Maybe try rugs nothing worse than consent thuds and thumps.
Maybe your neighbour is going through stuff and just snapped he didn’t need to be so rude. Better to approach with kindness.

3JsMa · 08/01/2021 21:04

I think you can relax and ignore(to a certain extend),it sounds bonkers.
I was aware about 11pm rule but now that I moved into the flat in November (first time in my life) it was clearly written on the landing ''no audible noise between 11 pm and 8am''.God knows what's non-audible noiseGrin.I only have neighbours downstairs and directly opposite sharing the wall,2 kids (7&4), wooden floors and a dog and so far no complaints so I feel quite fortunate albeit really anxious.
I wouldn't worry too much,we have to survive somehow this bizarre moment.

mum11970 · 08/01/2021 21:05

I’ll put money on your kids being twice as noisy as you are making them out to be. It would drive me round the bend. With 5 kids and 3 grandchildren we have plenty of experience of children needing to let off steam but jumping and screaming in the house is not where it should be done unless you live in a detached house and are annoying no one else.

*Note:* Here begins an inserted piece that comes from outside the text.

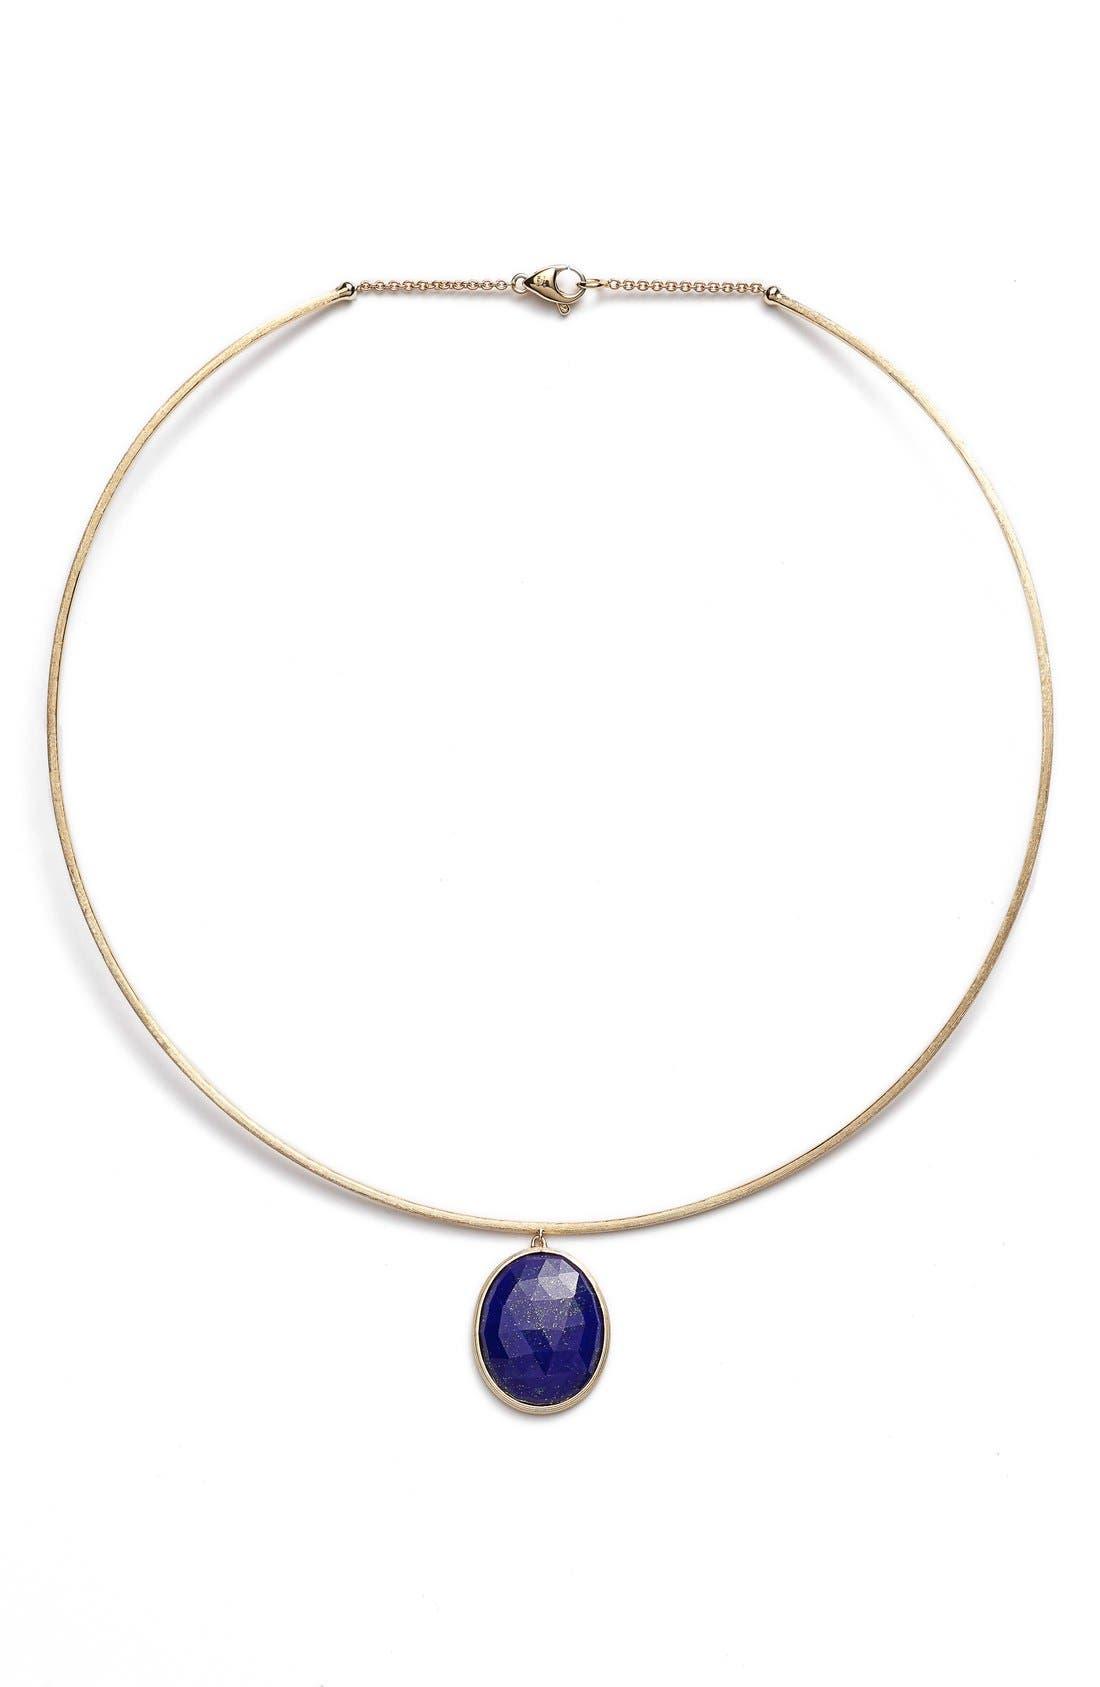 'Lunaria' Lapis Collar Necklace,                         Main,                         color, Yellow Gold/ Lapis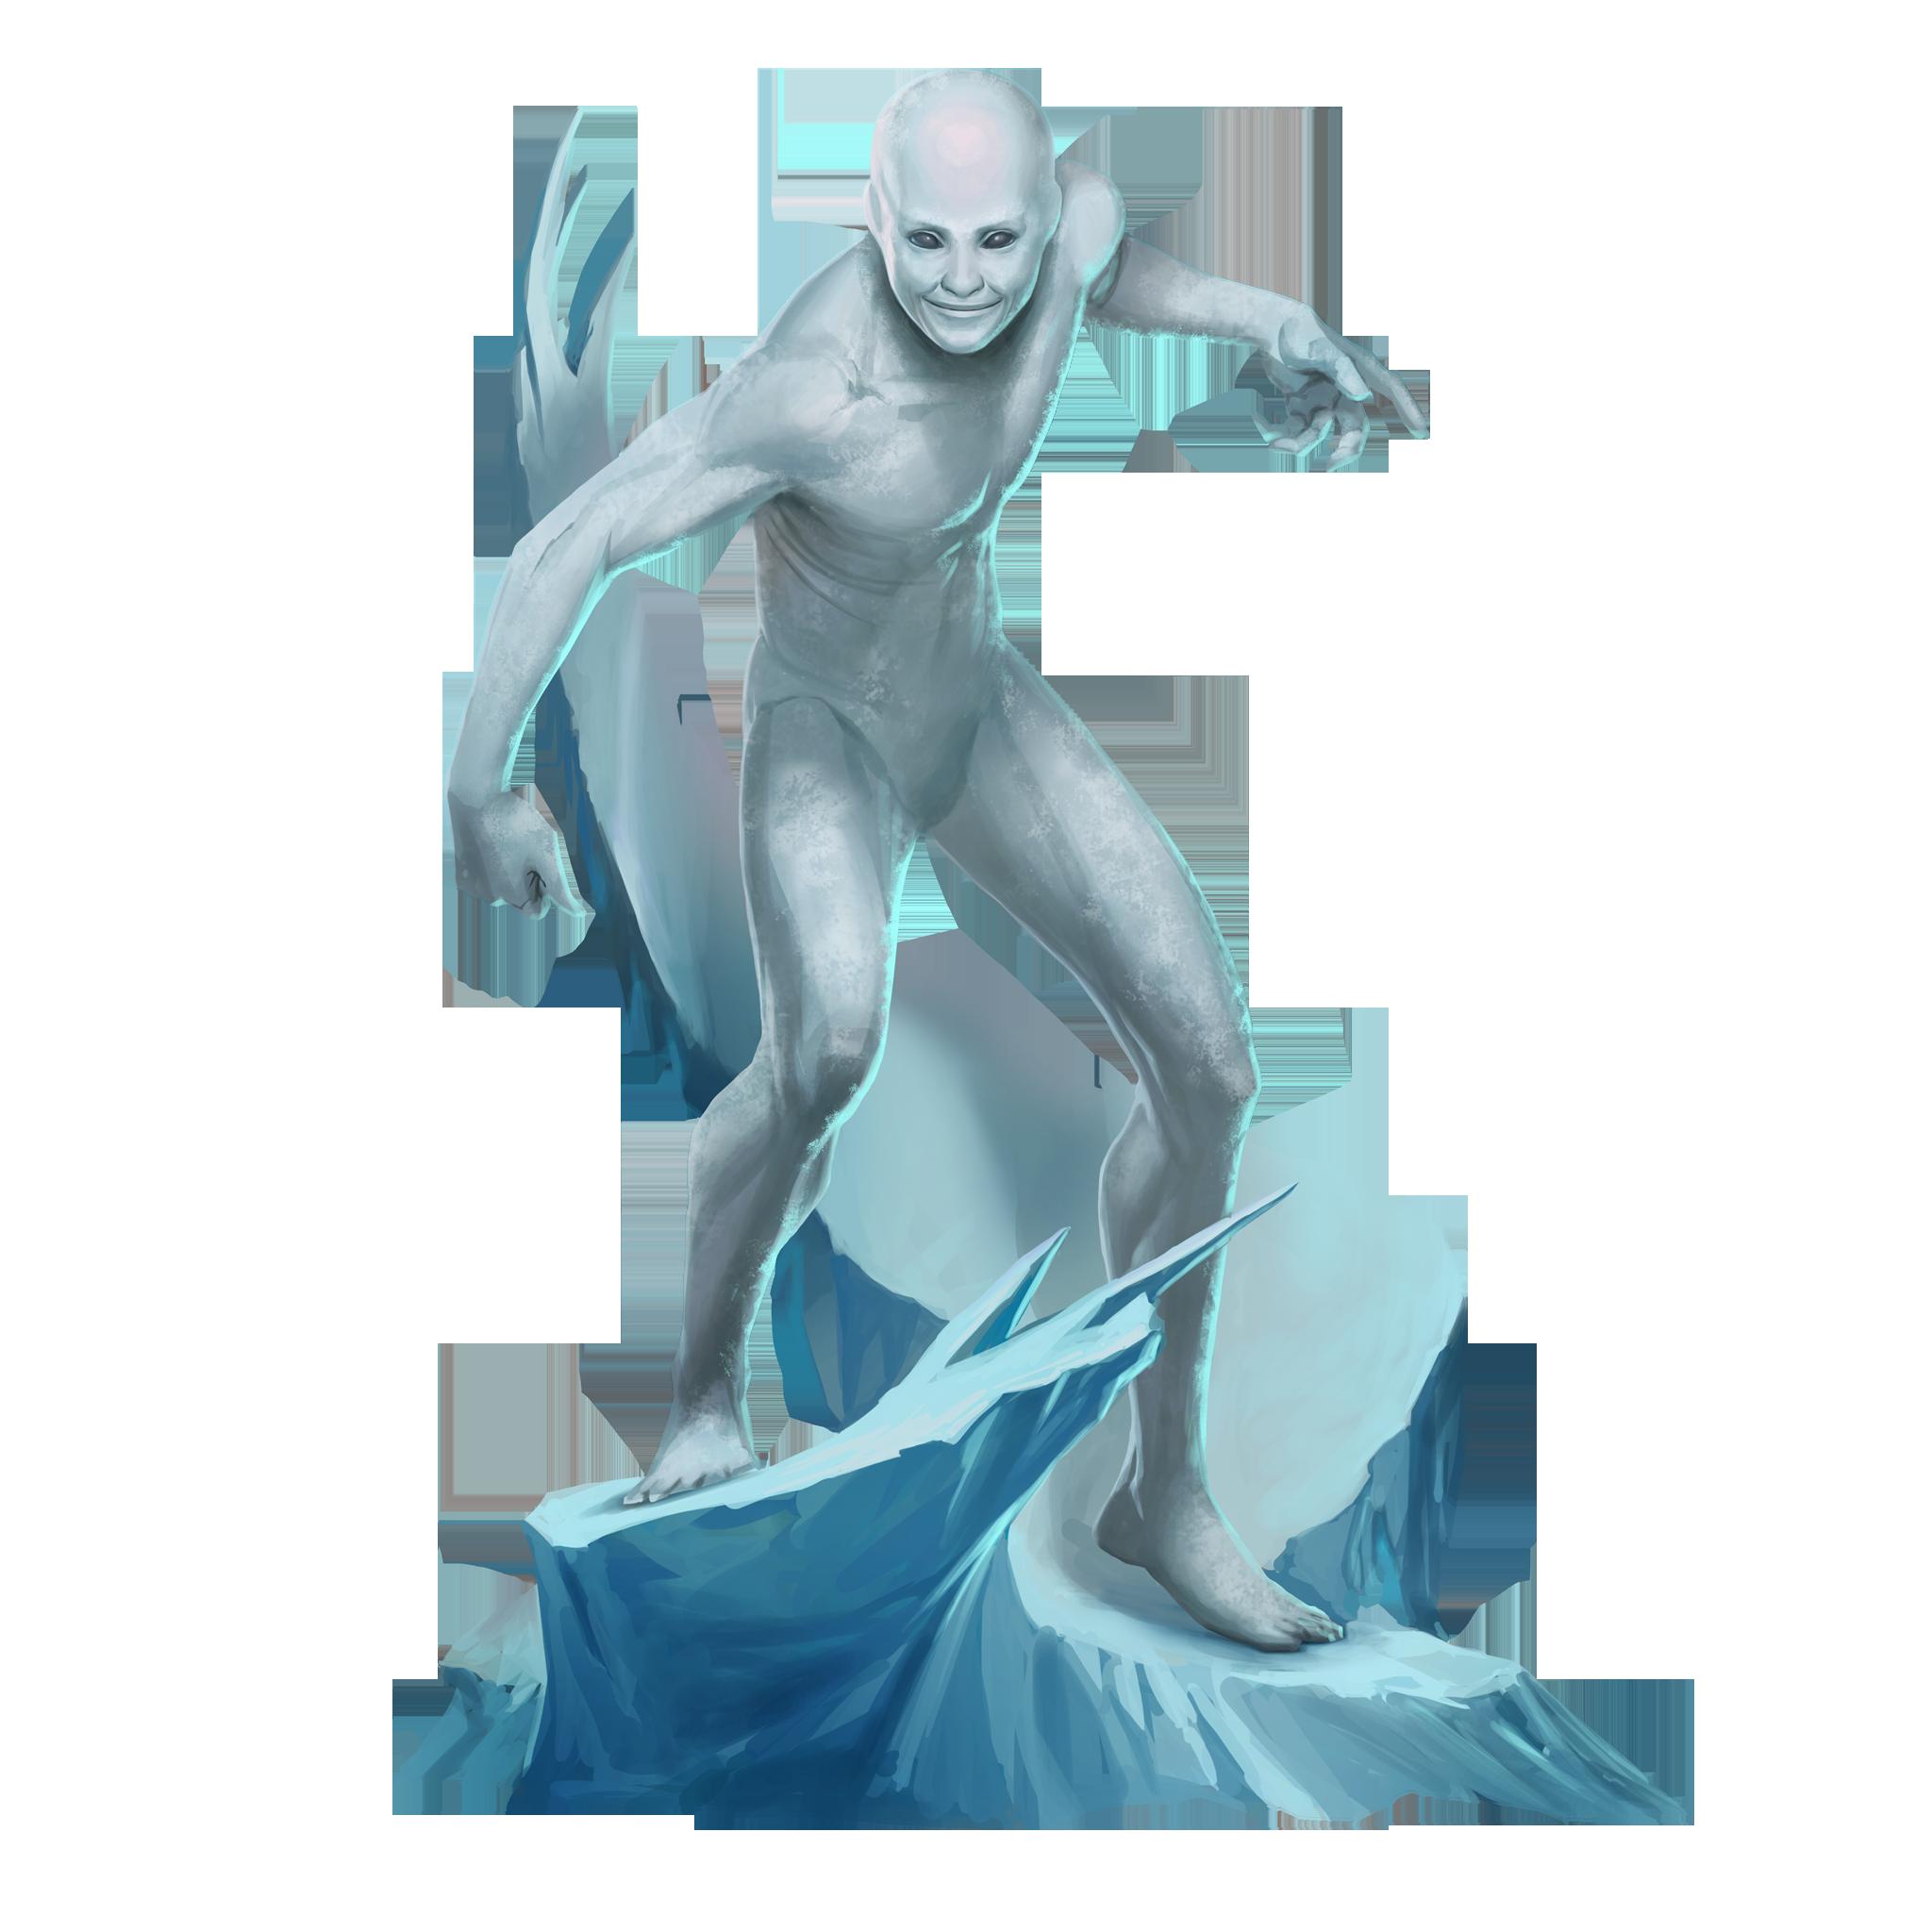 Iceman #Clip #Art. (Puzzle Quest) ÅWESOMENESS!!!™ ÅÅÅ+.

Christmasnightmare · 08/01/2021 21:06

Don’t apologise, just be a good neighbour. My kids are noisy so I always make sure they do pick up everyone’s leaves at the front, bring round all the bins, shovel snow and gravel communal areas, pick up post and take it to the lady upstairs among other things. I also would NEVER complain about anything my neighbours do. So far it’s working out- they don’t complain about the noise. I think if they see you are trying to contribute to community the best you can, they will understand the odd bit of noise.